Please freely distribute this commentary/email to interested parties and your local media.

Exercises in futility – demanding the HOA to comply

Over the years I’ve heard many, many stories that were, unfortunately, exercises in futility. These stories followed the same basic pattern, except the names and places changed. A homeowner in a dispute with his HOA exchanges emails/letters/calls with the board or HOA attorney or manager, one or all, citing blatant violations of the governing documents and/or state laws.

The responses from the board or its hired hands repeatedly deny any wrongdoing or failure to comply with its legal obligations. The HOA responses often include extreme positions and interpretations of its obligations, and ludicrous defenses of its position. Further exchanges only serve to increase the anger and frustration of the homeowner with a good possibility of additional attorney fees for answering his emails.
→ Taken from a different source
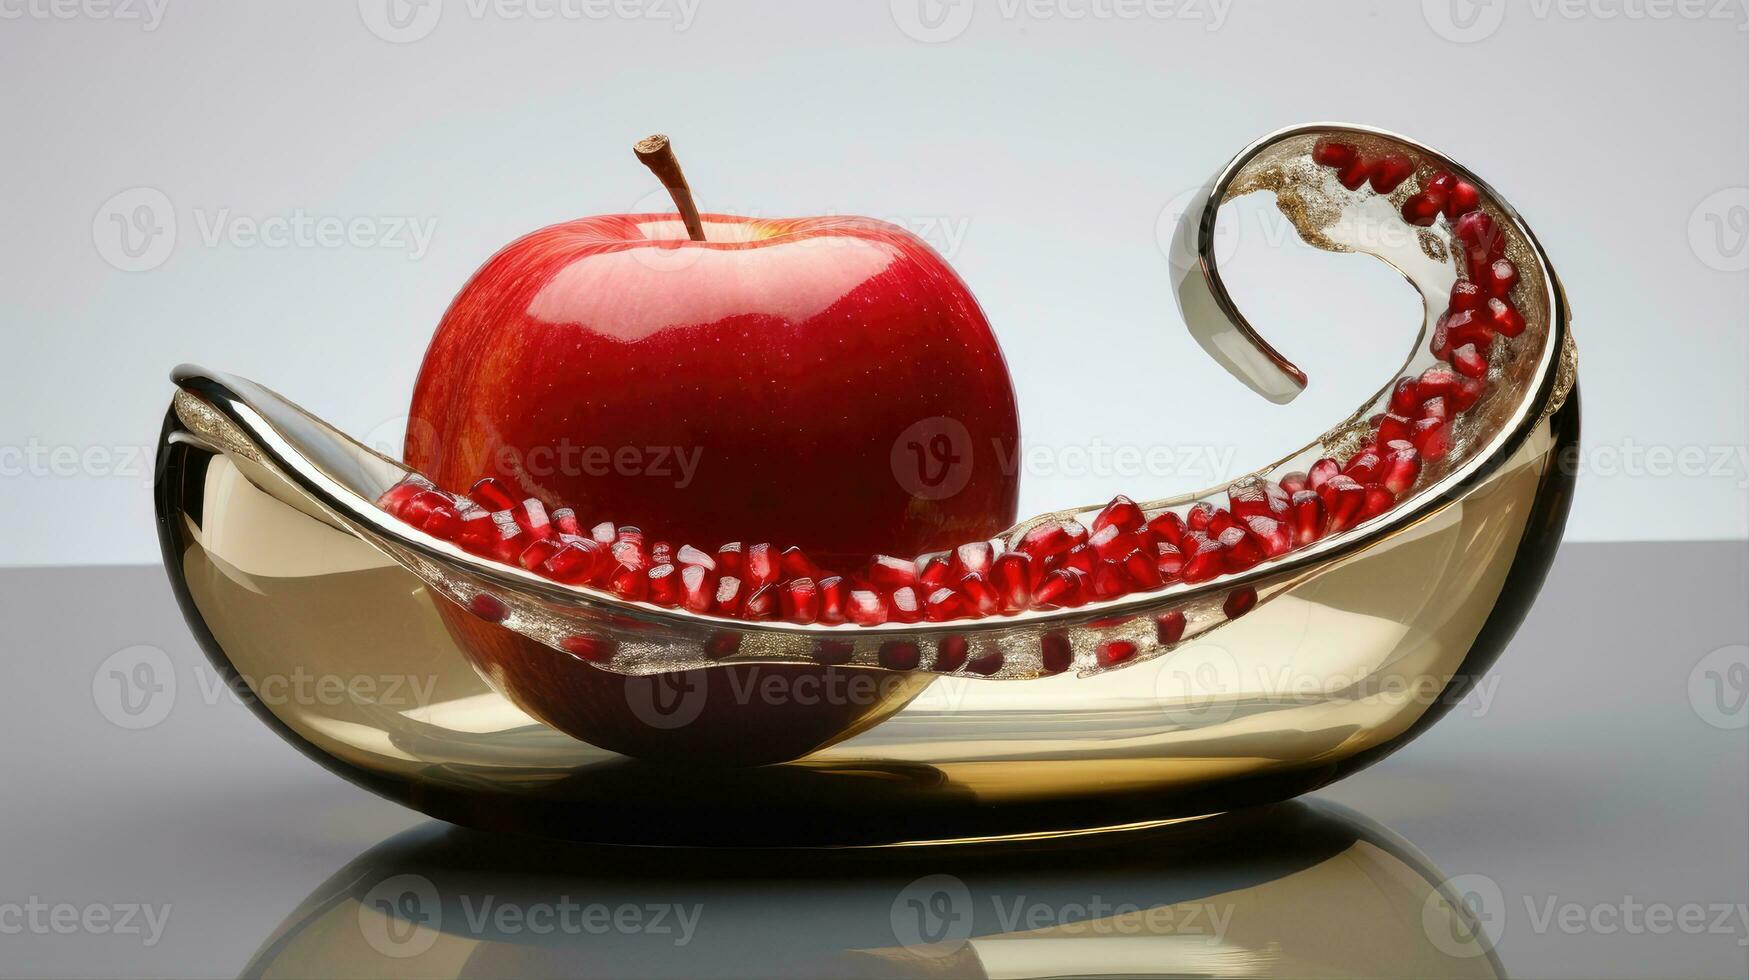 rosh hashaná es el concepto de el judío fiesta de el nuevo año. cuenco de manzana con Miel, granada y velas son tradicional símbolos de el día festivo. 3d representación foto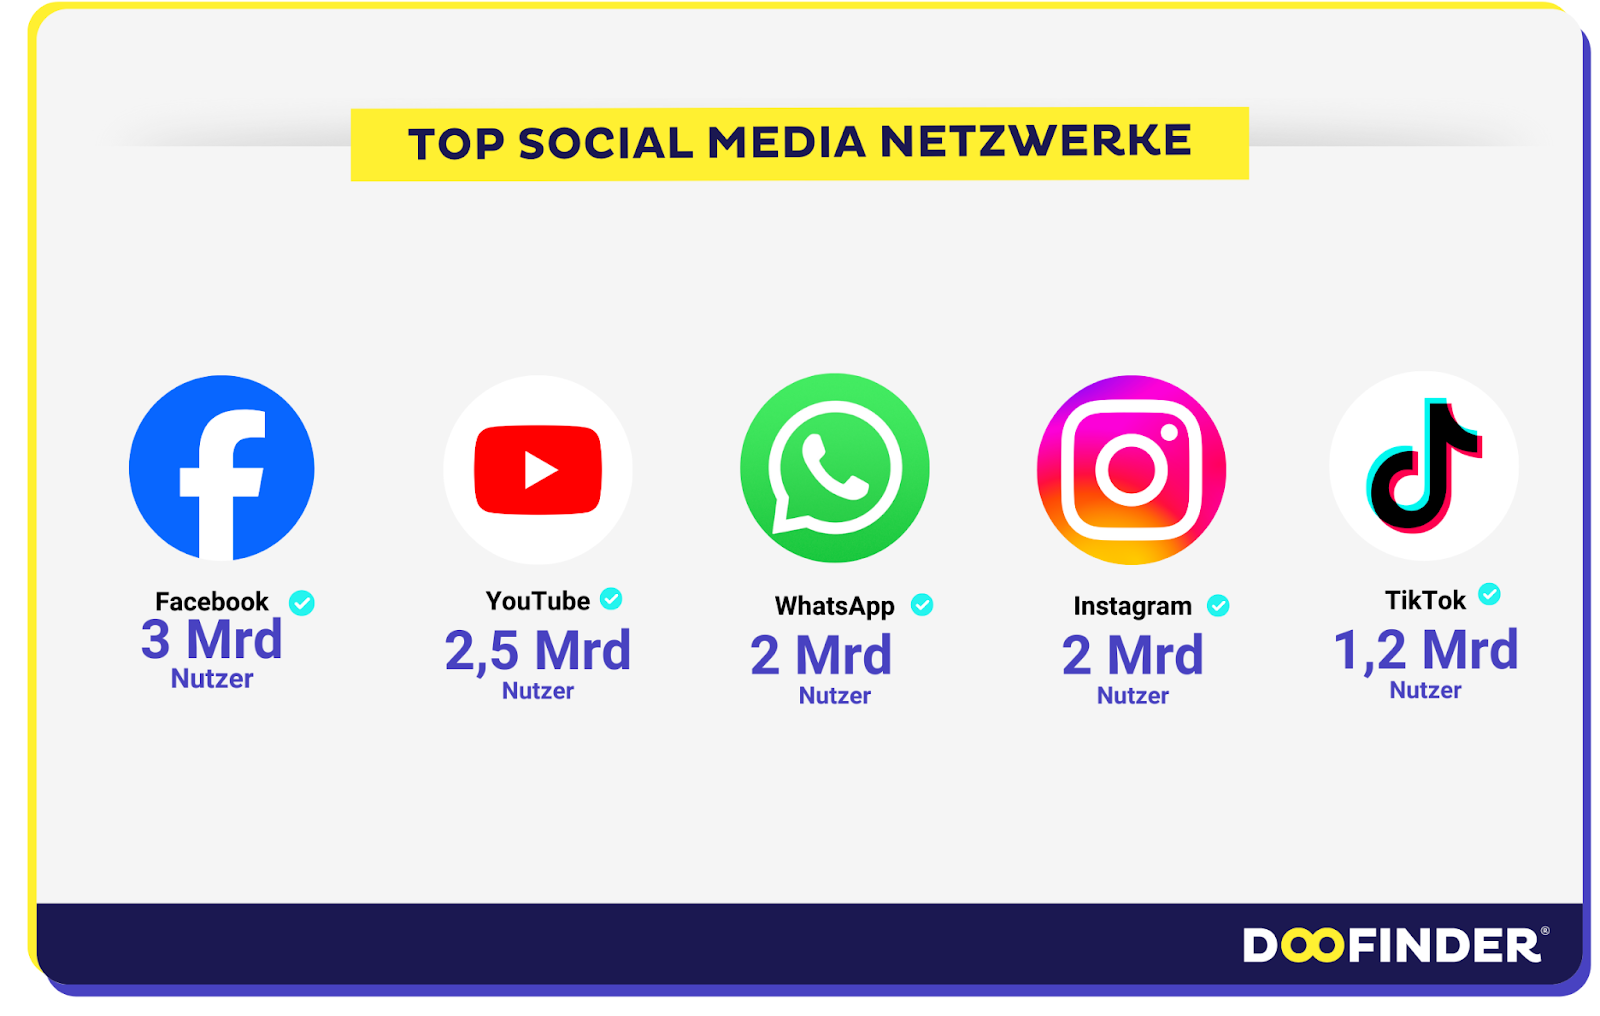 Welches sind die am häufigsten genutzten sozialen Netzwerke der Welt?

The bottom line is that the homeowner must sue to get the HOA to meet its obligations under the law – no state agency is going to get involved. These exchanges only serve as evidence of the board’s bad faith actions and flagrant violations of its obligations. And that’s all they are good for. Showing them to the media, and if they air the story, has no legal effect on the HOA. Showing them to your fellow neighbors gets you nowhere as many have discovered.

Unless these exchanges are geared to possible and eventual legal action, they are otherwise exercises in futility.

Possibly, only possibly, can these documented exchanges become useful when sent to your state representative demanding legislation for state enforcement of HOA board violations. Homeowners must demand substantial penalties and fines against the board and individual board members, if warranted.

The continued presumption by state legislatures that the HOA will act in good faith and obey the law and governing documents has been disproven time and time by the HOA’s wanton abuse of the laws. This desired response by the legislature will only happen when a sufficiently large volume of documented complaints are received from many homeowners.